Computing an arbitrary number of sums of sums

Question

I want to determine a closed-form expression for the sum $$f(n,m) = \sum_{k_1=1}^n \sum_{k_2=1}^{n-k_1}\dots \sum_{k_m=1}^{n-\sum_{i=1}^{m-1} k_i}1$$ for arbitrary $n$ and $m$. I know that the solution will be a polynomial, so a closed-form solution exists. I have reformulated the problem as the recursion problem $$f(n,m) = \sum_{k=1}^n f(n-k, m-1),$$ $$f(n, 1) = n.$$ However, here I got stuck. Does anyone have helpful ideas for me?

Answer 1

Fix $n$ and $m$. For any choice of $k_1, ..., k_m$, let $k_{m+1} = n - \sum_{i=1}^mk_m$. Then the expression you have translates to the number of solutions to the following system of equations: $k_1, \ldots, k_m \geq 1$, $k_{m+1} \geq 0$, and $\sum_{i=1}^{m+1} k_i = n$.
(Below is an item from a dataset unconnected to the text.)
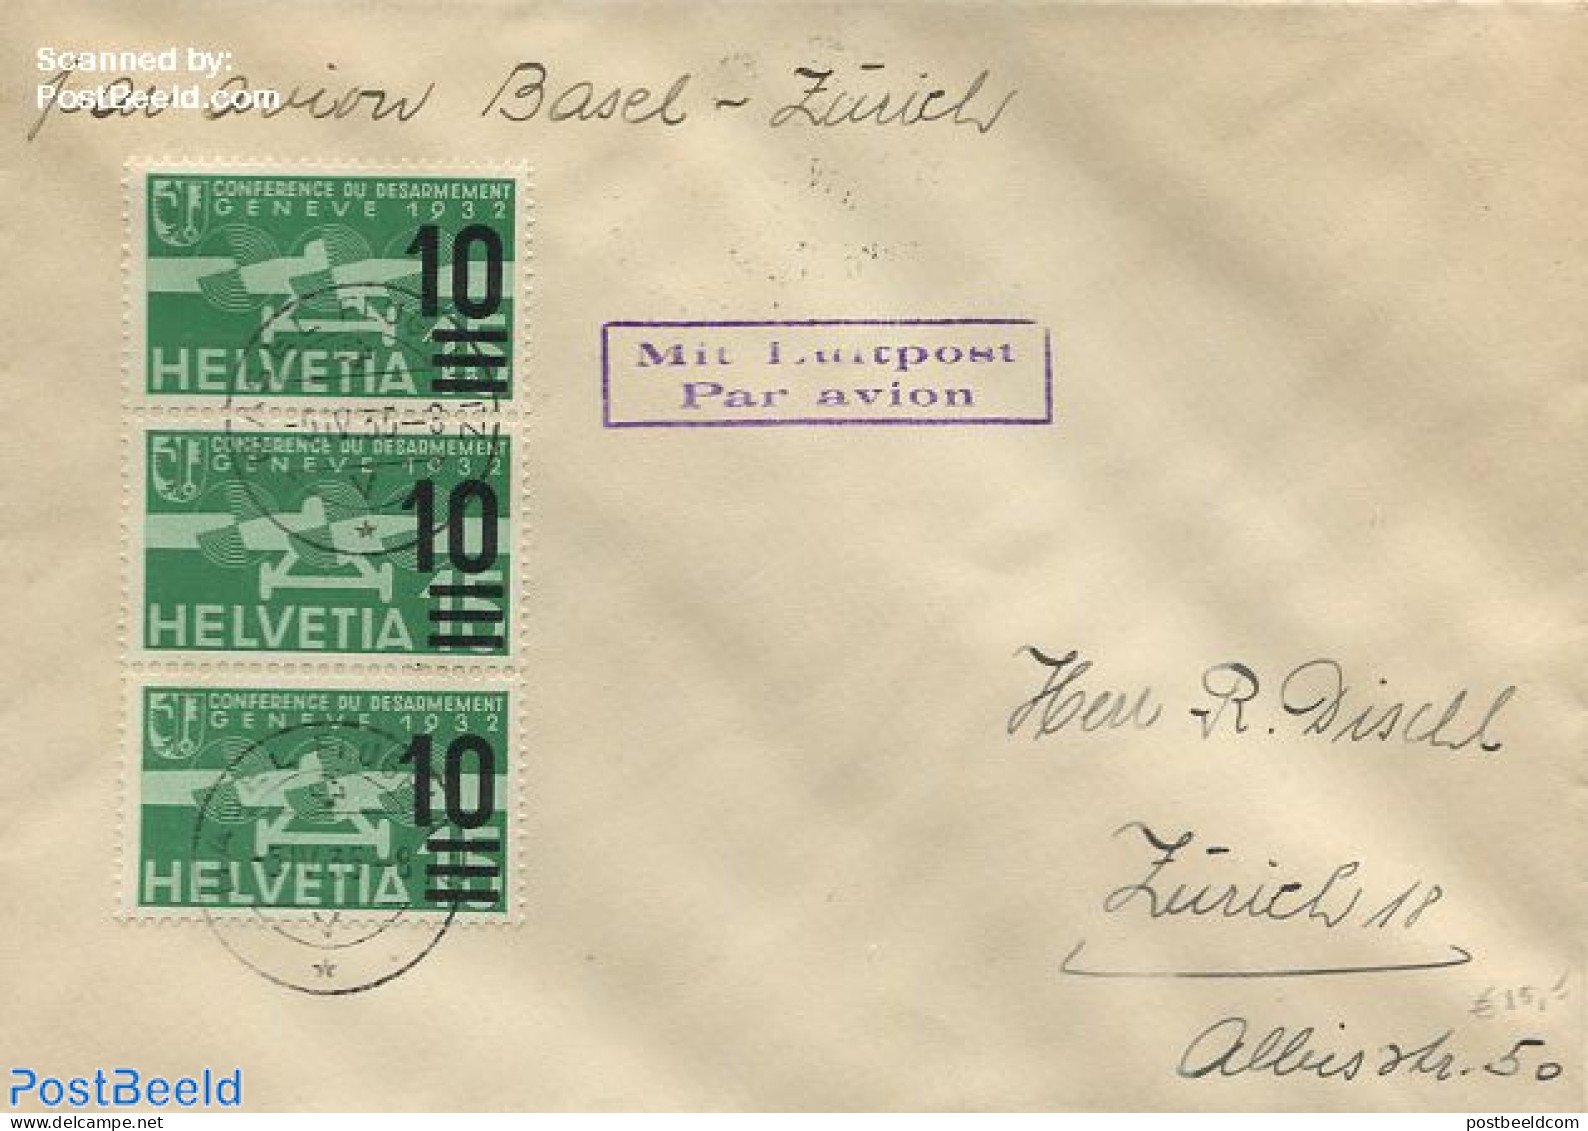 Switzerland 1935 Airmail From Basel To Zurich, Postal History - Briefe U. Dokumente

This can be solved by the "stars and bars" counting formula: Letting $k'_i = k_i - 1$ for $i = 1, \ldots, m$ annd $k'_{m+1} = k'_m$, we have $\sum_{i=1}^{m+1}k'_i = n-m$ and $k'_i \geq 0$, the number of solutions to which is $\binom{n-m + (m+1) - 1}{(m+1) - 1)} = \binom{n}{m}$.